● Data extract:
◇ ◇ ◇ ◇ ◇ ◇ ◇

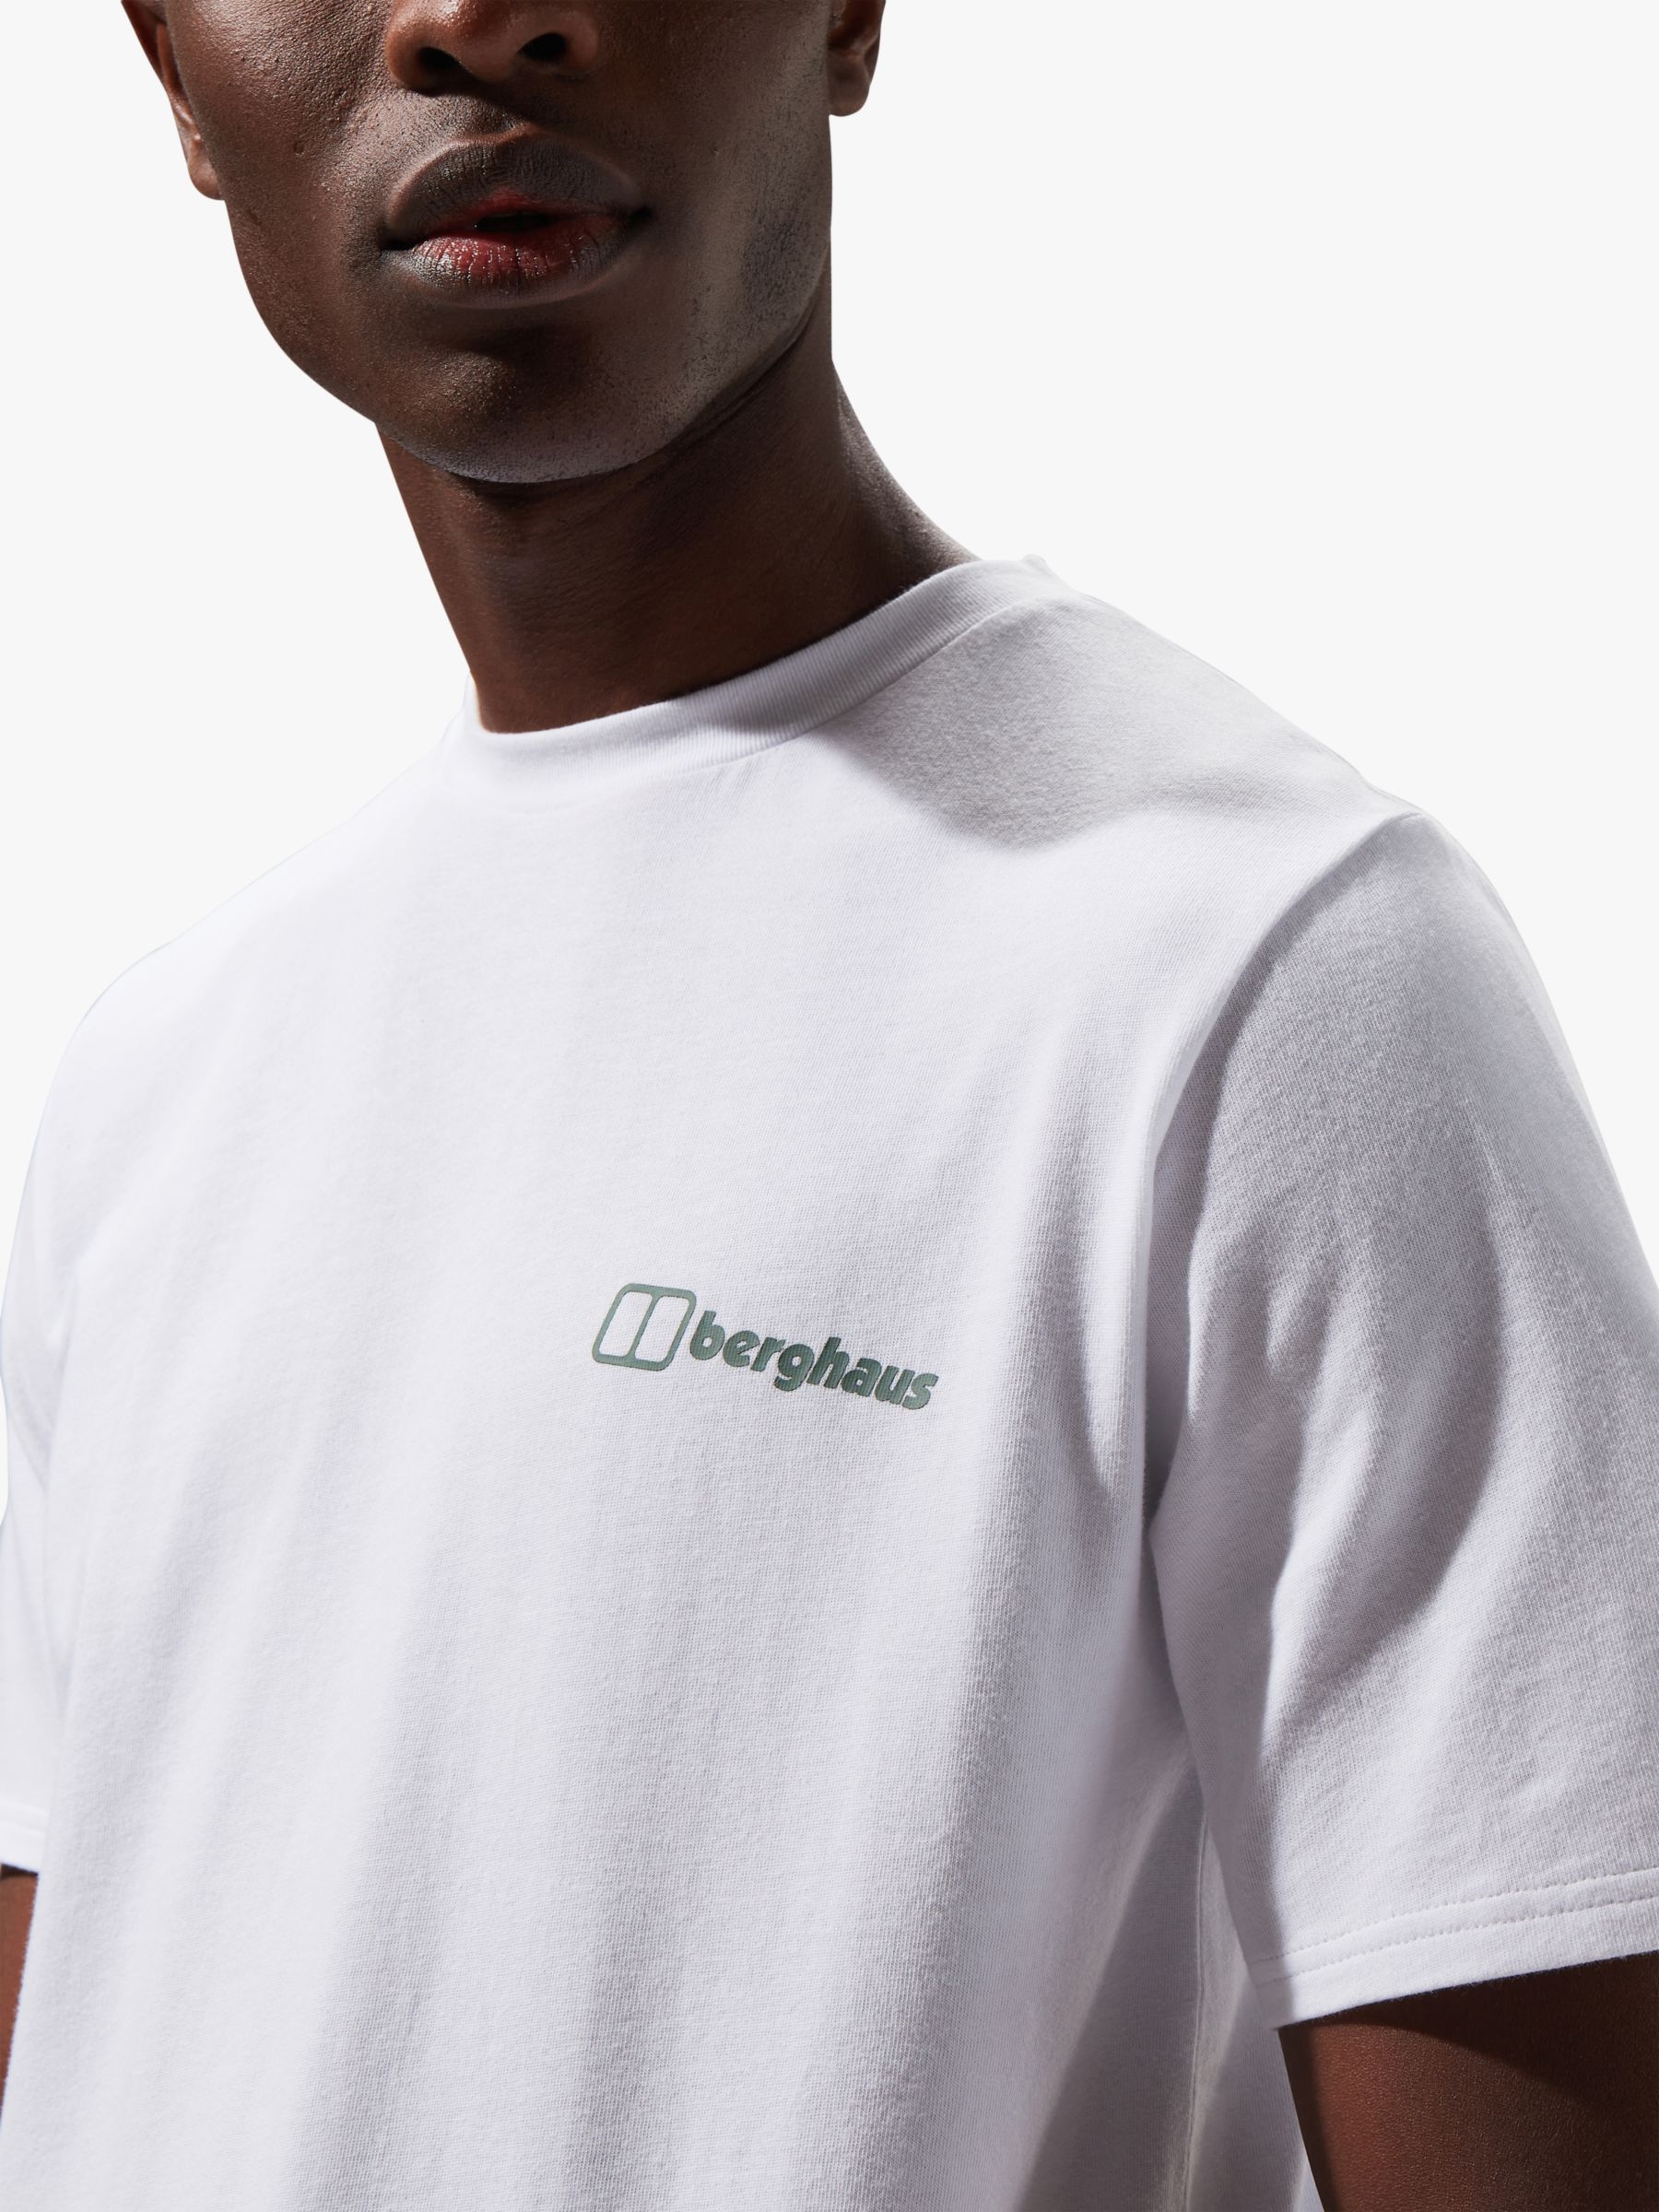 Berghaus Organic Cotton Short Sleeve Graphic T-Shirt, Pure White, M
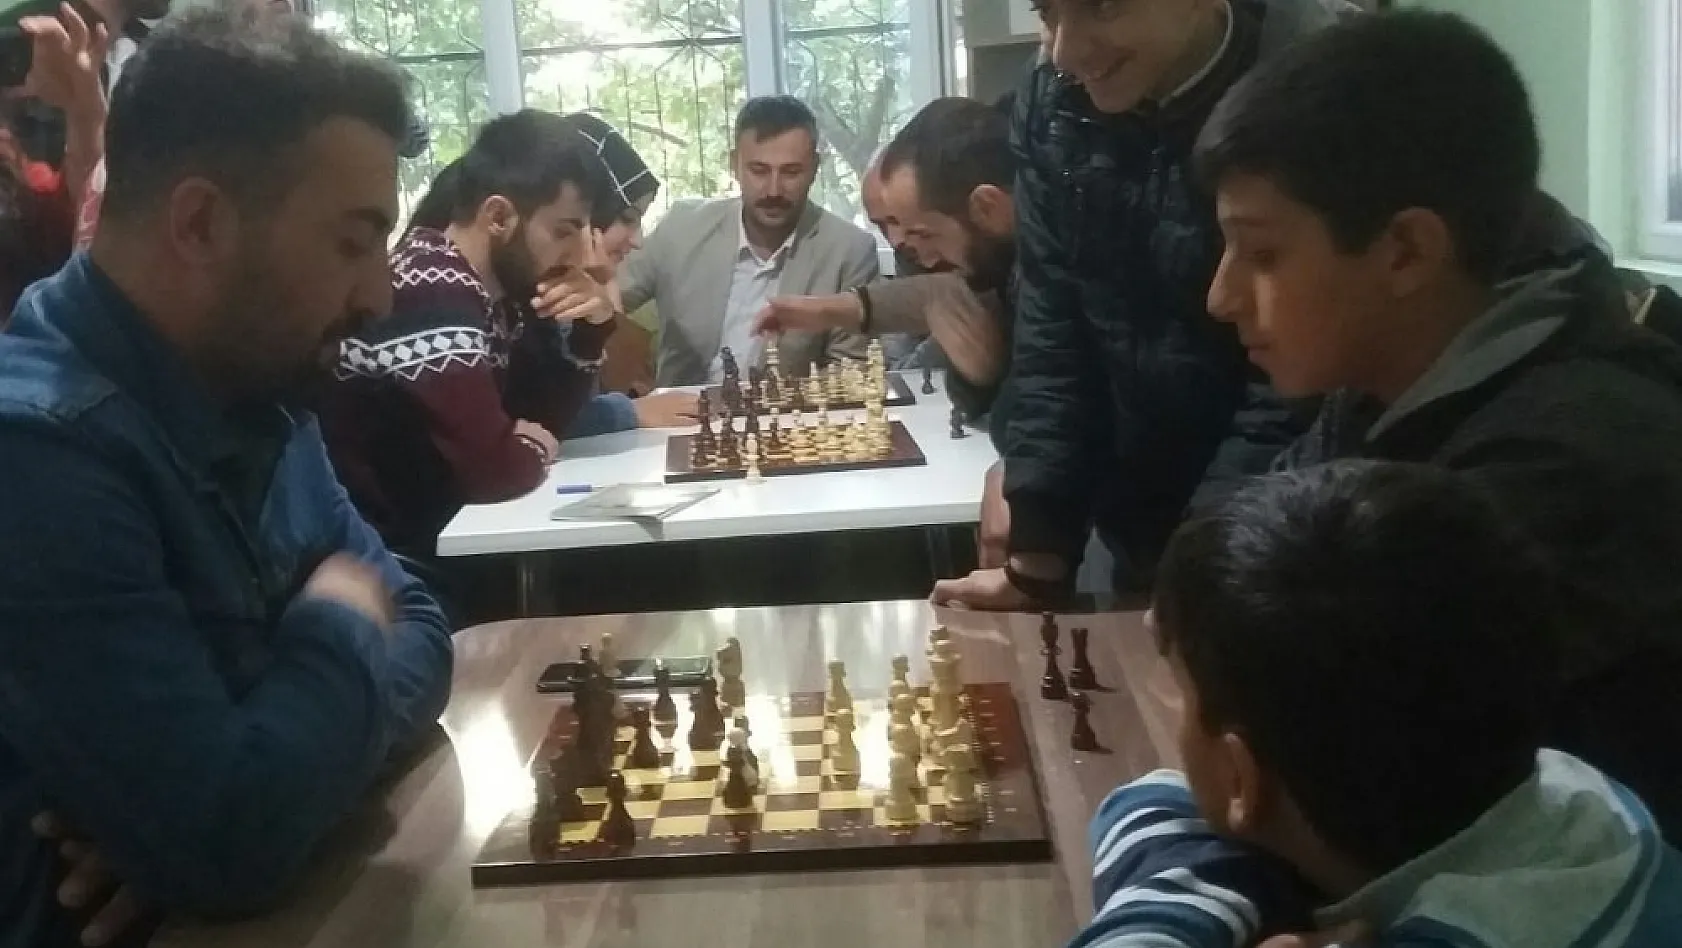 İşitme engelliler, satranç oynadı 
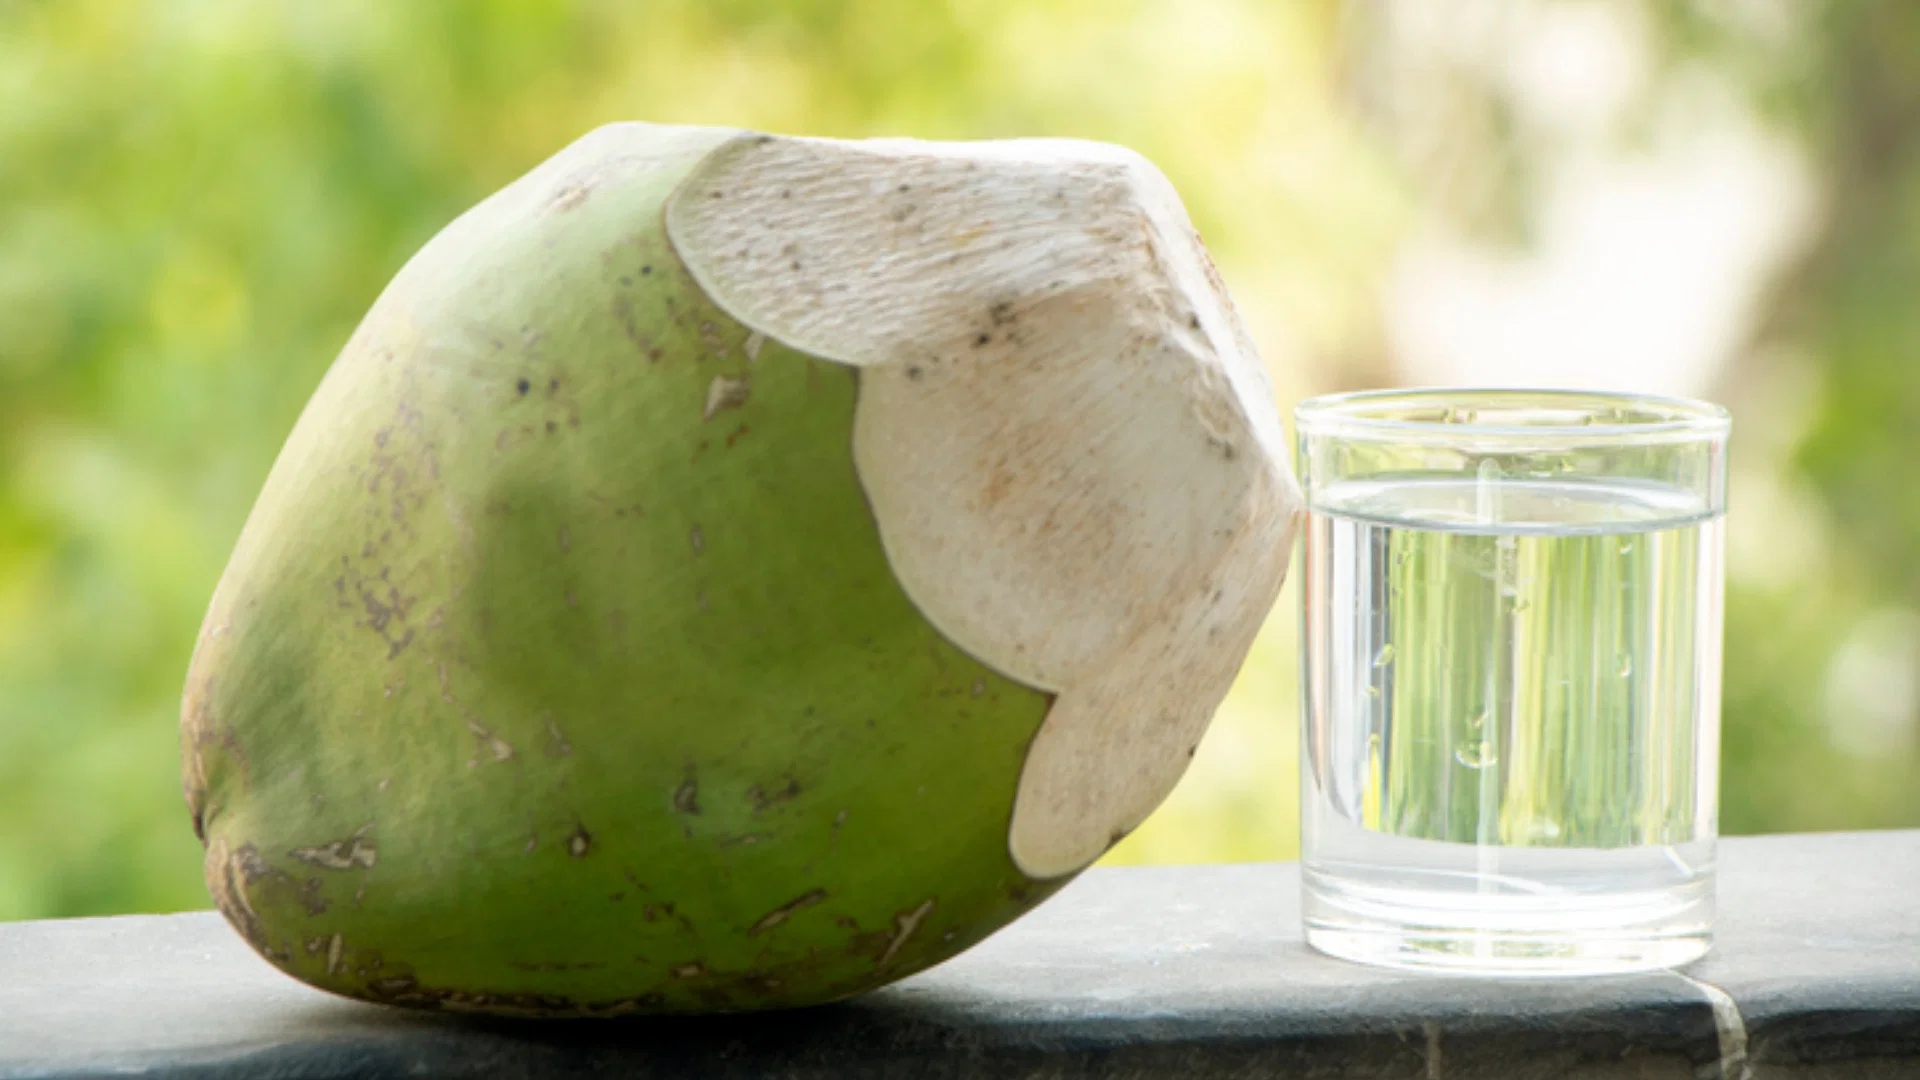 How to identify Coconut: क्या नारियल में मलाई या पानी की मात्रा अधिक है, कैसे पता चलता है?  ये सुझाव आपको पहचानने में मदद करेंगे।

◇ ◇ ◇ ◇ ◇ ◇ ◇

● Required action:
Return the data above in its exact wording, with none of the pictures.

● Result:
 Berghaus Organic Cotton Short Sleeve Graphic T-Shirt, Pure White, M
 İşitme engelliler, satranç oynadı 
 How to identify Coconut: क्या नारियल में मलाई या पानी की मात्रा अधिक है, कैसे पता चलता है?  ये सुझाव आपको पहचानने में मदद करेंगे।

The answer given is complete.